1980’lerden bugüne yaşananların sonucunda, ülkemizin sigara bağımlılığının yanı sıra, ithalata bağımlılığı da giderek arttı.
Türkiye, tütüncülük, tarım ve sanayi sektöründe önemli bir istihdam alanı olmaya devam etse de üretici sayısı ve üretim her geçen sene daha da düşmektedir. 2001 yılına kadar 600 bin üretici aile ve 200 bin tonun üzerinde üretim yapılırken, 2006 yılında Türkiye tütün üretimi, 1962’den bu yana ilk kez 100 bin tonun altına inmiştir. 2009 senesinde üretici sayısı 170 bin, üretim ise 90 bin tona düşmüştür. 2010 yılında Doğu ve Güneydoğu Anadolu, Ege, Trakya, Marmara ve Karadeniz bölgelerinde tütün tarımı ile uğraşan 70-80 bin üretici aileye ek olarak, tütün ve tütün mamulleri sektöründe toplam 25.000 kişi çalışmaktadır, ancak üretim miktarının çokuluslu sigara üreticisi firmaların Ege tütününde yüzde 40, Karadeniz tütününde ise yüzde 60’a varan sipariş azaltma yönündeki talepleri doğrultusunda 2010 yılı üretiminin azami 50 bin ton olarak gerçekleşeceği beklenmektedir.
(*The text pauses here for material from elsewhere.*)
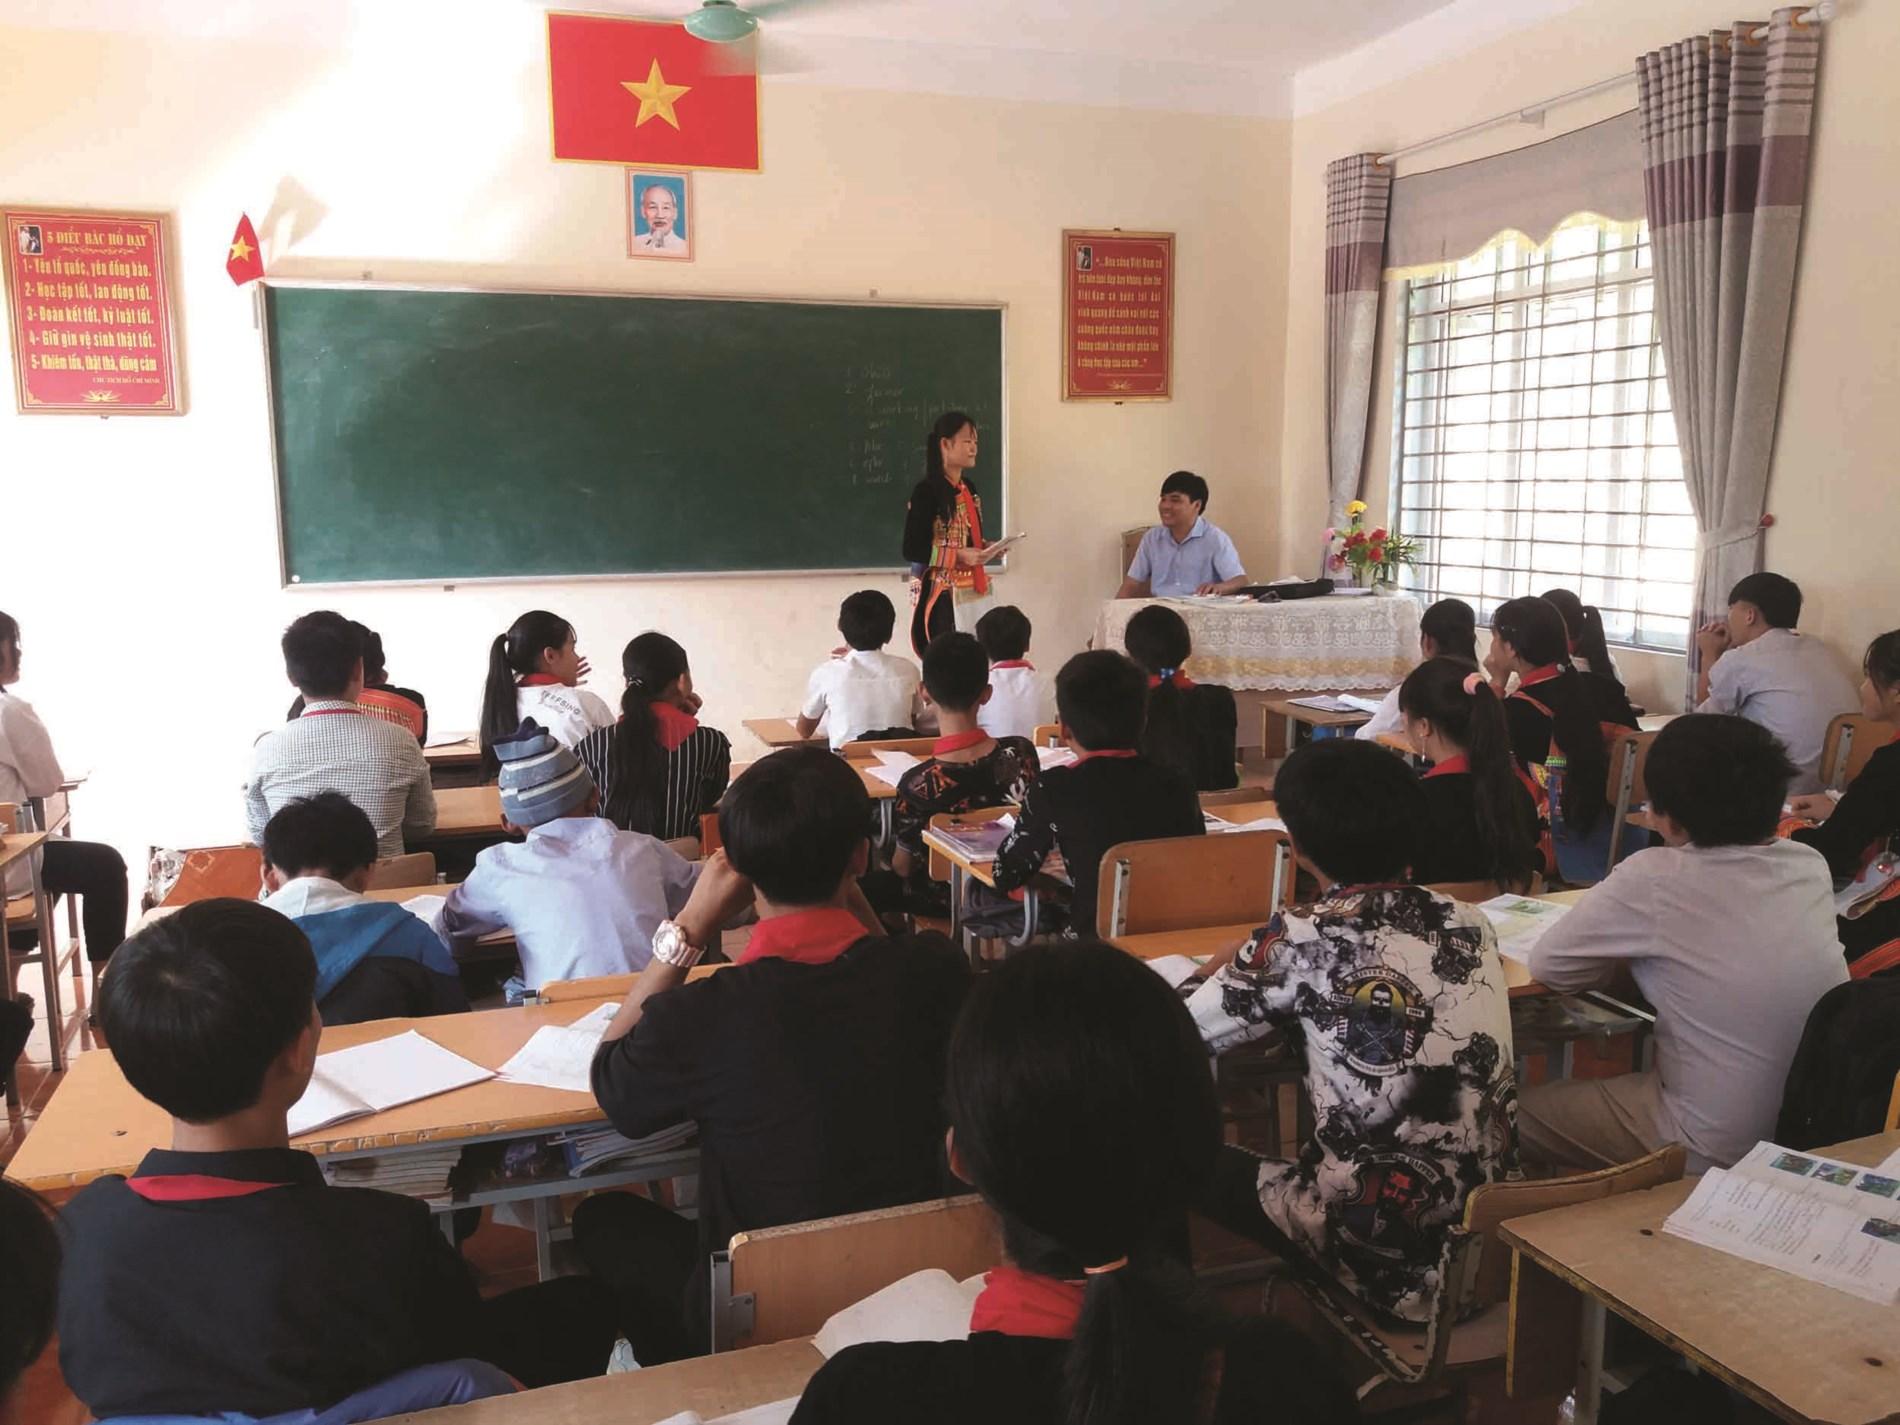 Em Hoàng Thị Yến (người đứng) trong giờ trả bài môn tiếng Anh.

Yurt genelinde TTA bünyesindeki yaprak tütün işletme müdürlüklerinde çalışmakta olan 12.000 işçi kamuoyunda 4/C uygulaması adıyla bilinen “Özelleştirme Uygulamaları Sonucunda İşsiz Kalan ve Bilahare İşsiz Kalacak Olan İşçilerin Diğer Kamu Kurum ve Kuruluşlarında Geçici Personel Statüsünde İstihdam Edilmelerine Dair Bakanlar Kurulu Kararı” doğrultusunda değişik kamu kurum ve kuruluşlarına gönderileceklerdir.
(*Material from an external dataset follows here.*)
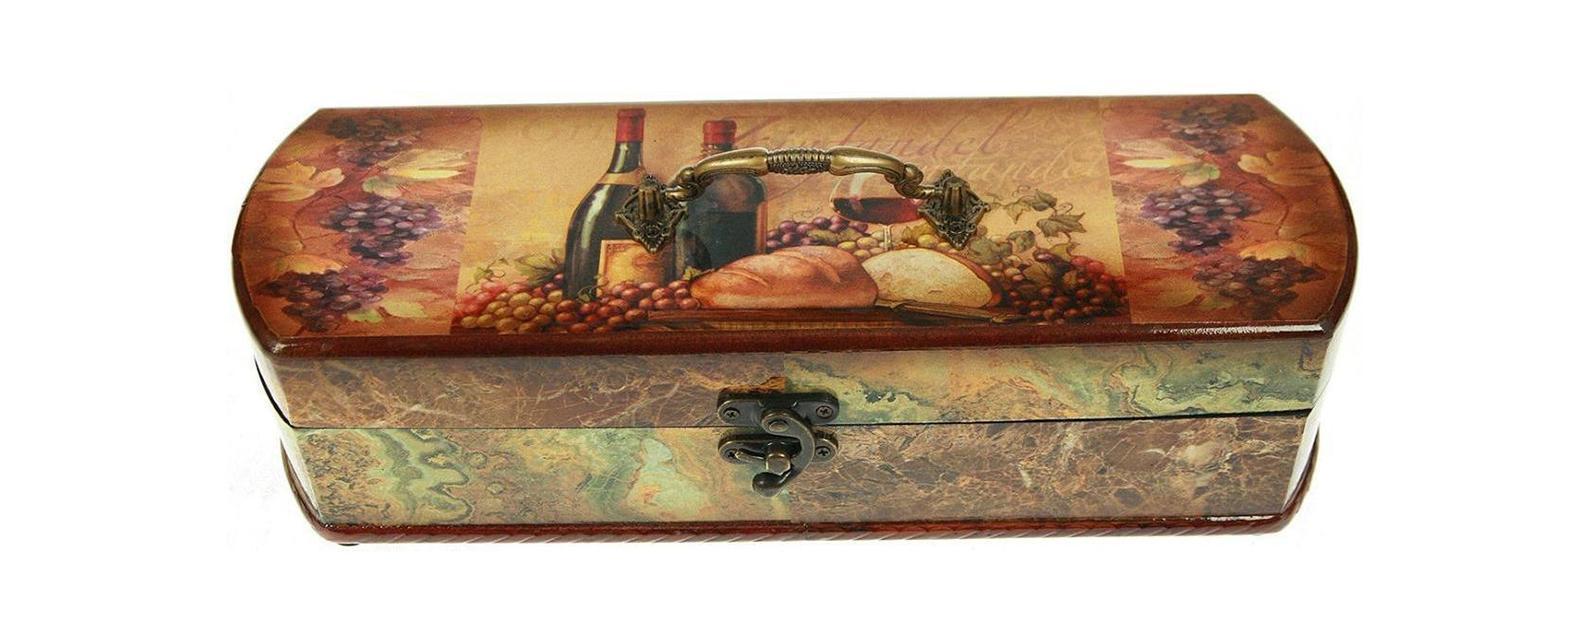 Шкатулка Сундучок под бутылку 36*12*10см 3476328907 4Шкатулка Русские подарки Сундучок 34763 предназначена для хранения бутылок с вином. Она не оставит равнодушным ни одного любителя оригинальных вещей. Данная модель надежно закрывается на металлический замок. Сочетание оригинального дизайна и функциональности делает такую вещь практичным, стильным подарком и предметом гордости ее обладателя. Материал: MDF, бумага, эл. металла; цвет: бежевый

Bu sebeple TEKEL işçisi aralık ayından beri Kızılay’da. İşçilere baştan gerçekleştirilemeyeceği belli olan bir üretim vaadi verildi. Daha sonra yaprak tütün işletmelerinin de kapanmasıyla işçiler 4/C kapsamında asgari ücret düzeyinde geçici işçi statüsüne veya iş bırakmaya zorlandılar. TEKEL’in 30 yılda geldiği yere baktığımızda, özellikle özelleştirmelerin yüzde 80’inin gerçekleştirildiği son yıllarda kitlesel tepkilerin ve duyarlılığın gösterilmemesi bu sonu hazırlamıştır. Bunlarla birlikte, özelleştirmeler yerli ve yabancı güçlerin birlikte hareket etmesiyle son yıllarda iyiden iyiye topluma dayatılmaktadır. 2009 Aralık ayında başlayan eylemde özellikle dikkat çeken iki nokta var.
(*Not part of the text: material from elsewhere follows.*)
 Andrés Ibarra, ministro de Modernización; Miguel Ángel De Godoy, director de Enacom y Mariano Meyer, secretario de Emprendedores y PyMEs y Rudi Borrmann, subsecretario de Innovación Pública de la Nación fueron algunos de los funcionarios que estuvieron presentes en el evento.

• Bugün Ankara’da eylem yapan TEKEL işçileri kendi özlük hakları üzerinden kişisel hakların, toplumsal haklara bağlı olduğunu tüm topluma göstererek kendileri de öğrendiler.
• Çalışanlar, çalıştıkları kurumun hangi bağımsızlık mücadelesinin kazanımları olduğunu yaşayarak anladılar. Bu nedenle de, “Biz Cumhuriyetle doğduk” gibi anlamlı bir sloganı ürettiler.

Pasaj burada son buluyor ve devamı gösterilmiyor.